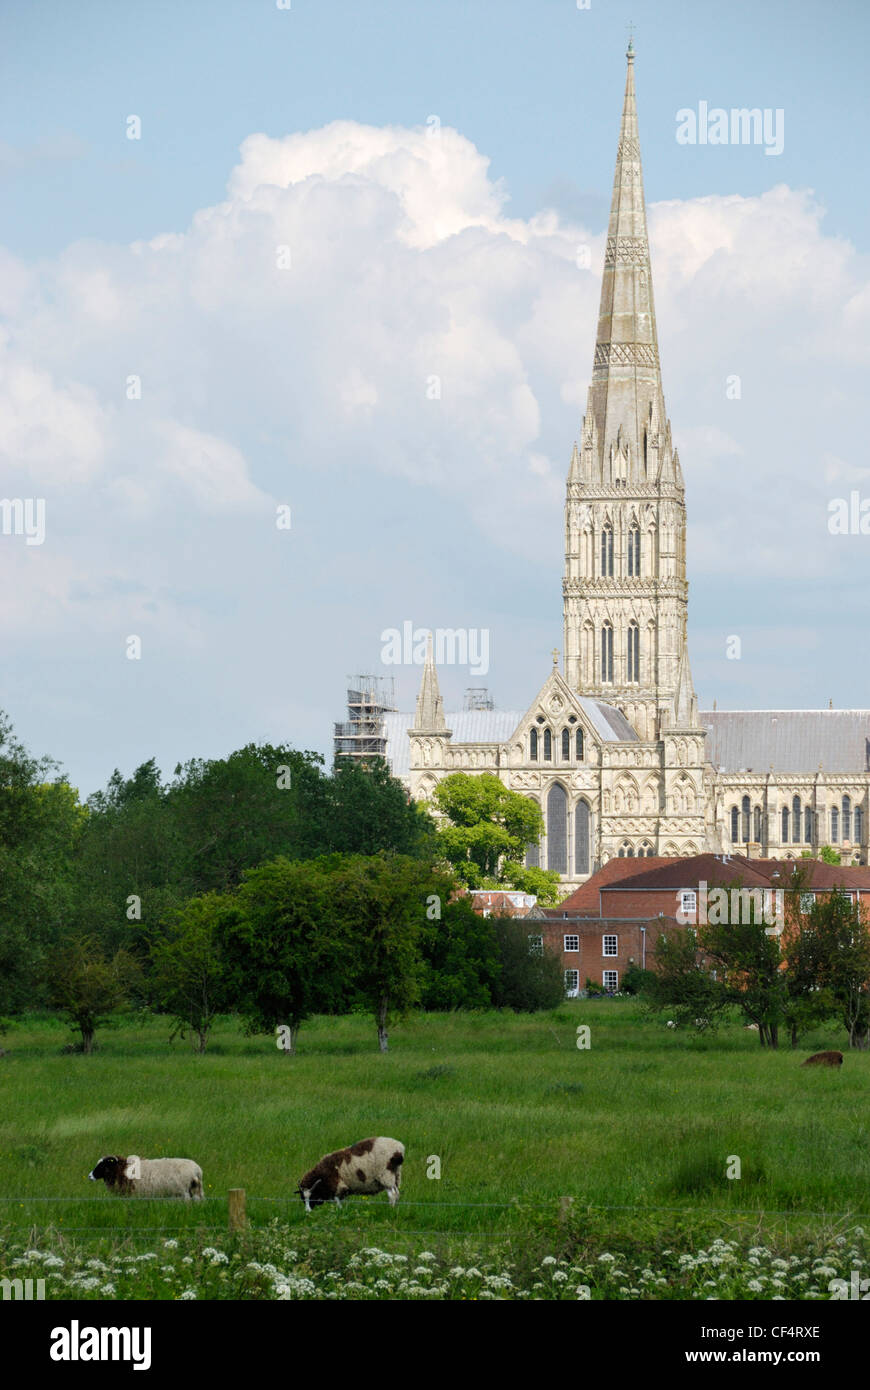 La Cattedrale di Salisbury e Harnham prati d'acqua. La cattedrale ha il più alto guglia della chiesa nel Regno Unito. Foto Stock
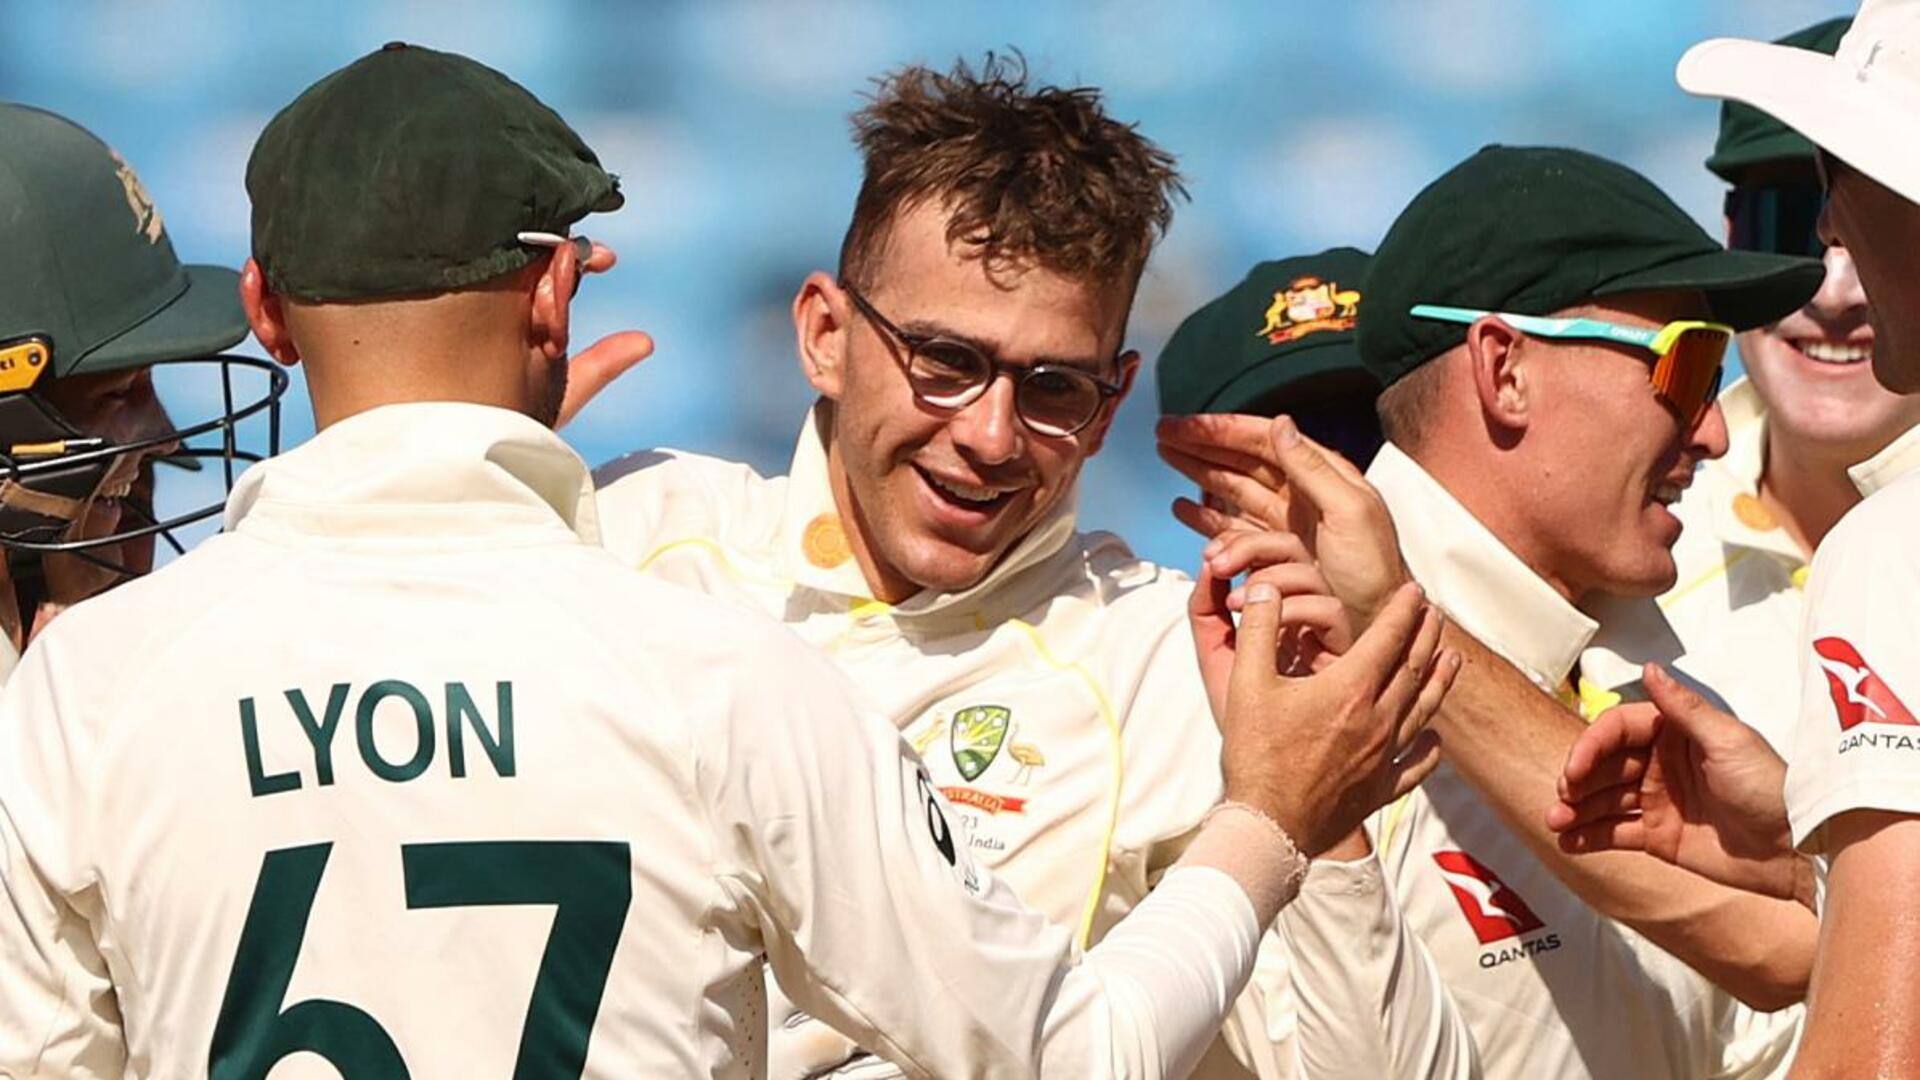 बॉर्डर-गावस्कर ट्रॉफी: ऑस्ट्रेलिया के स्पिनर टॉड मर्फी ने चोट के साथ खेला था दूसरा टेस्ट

...

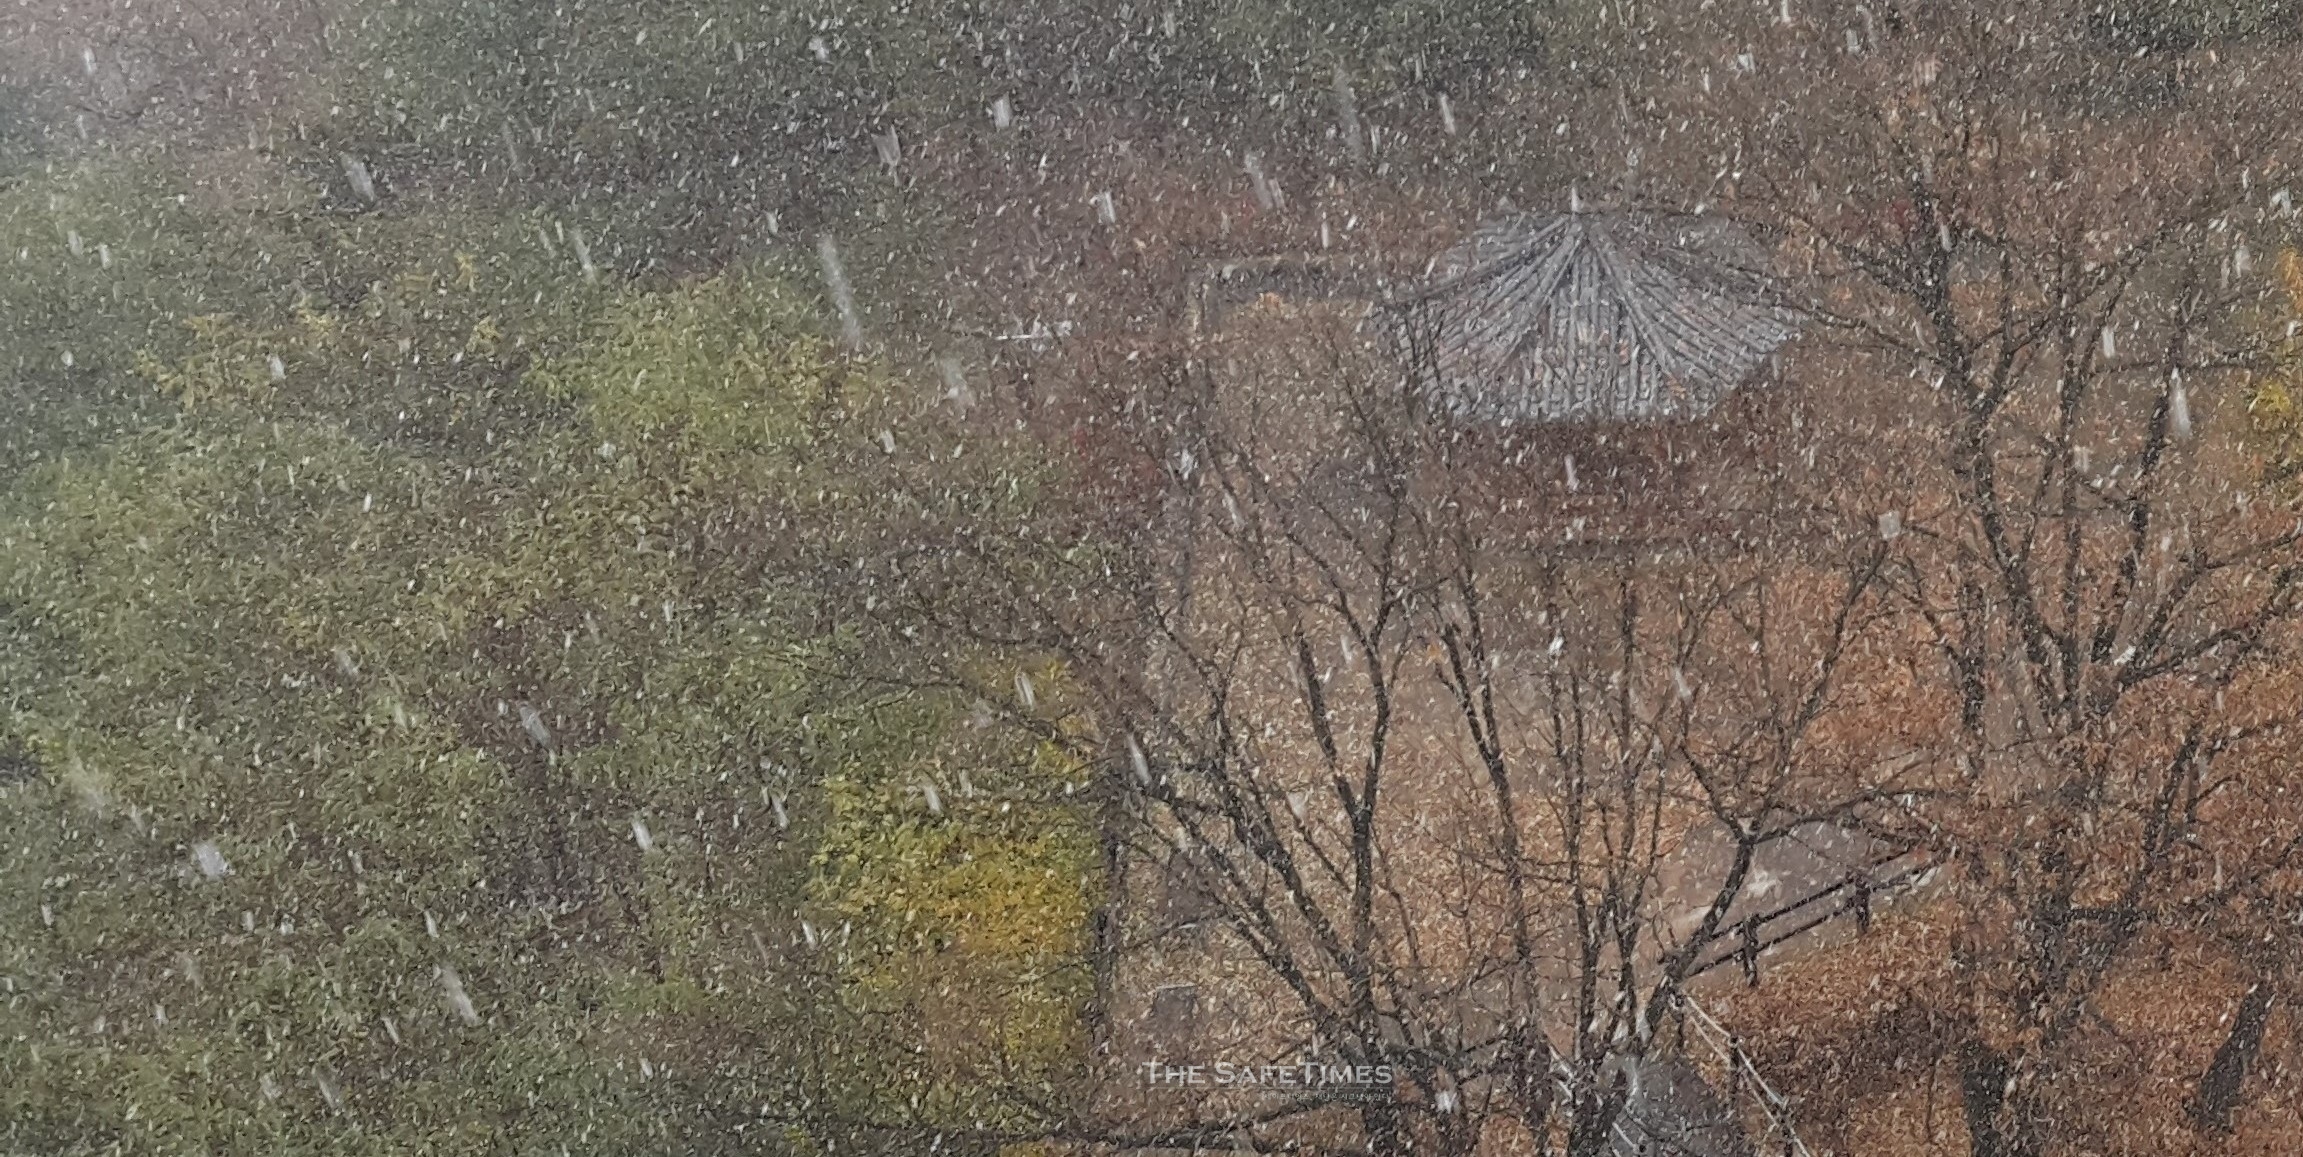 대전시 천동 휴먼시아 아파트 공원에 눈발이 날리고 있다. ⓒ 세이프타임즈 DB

# Exercise objective:
Only one stretch of the listing above is to be duplicated: the lines from the one containing "La Cattedrale di" through the one containing "बॉर्डर-गावस्कर ट्रॉफी: ऑस्ट्रेलिया", both included. Copy them exactly, minus the pictures.

# Response for this exercise:
 La Cattedrale di Salisbury e Harnham prati d'acqua. La cattedrale ha il più alto guglia della chiesa nel Regno Unito. Foto Stock
 बॉर्डर-गावस्कर ट्रॉफी: ऑस्ट्रेलिया के स्पिनर टॉड मर्फी ने चोट के साथ खेला था दूसरा टेस्ट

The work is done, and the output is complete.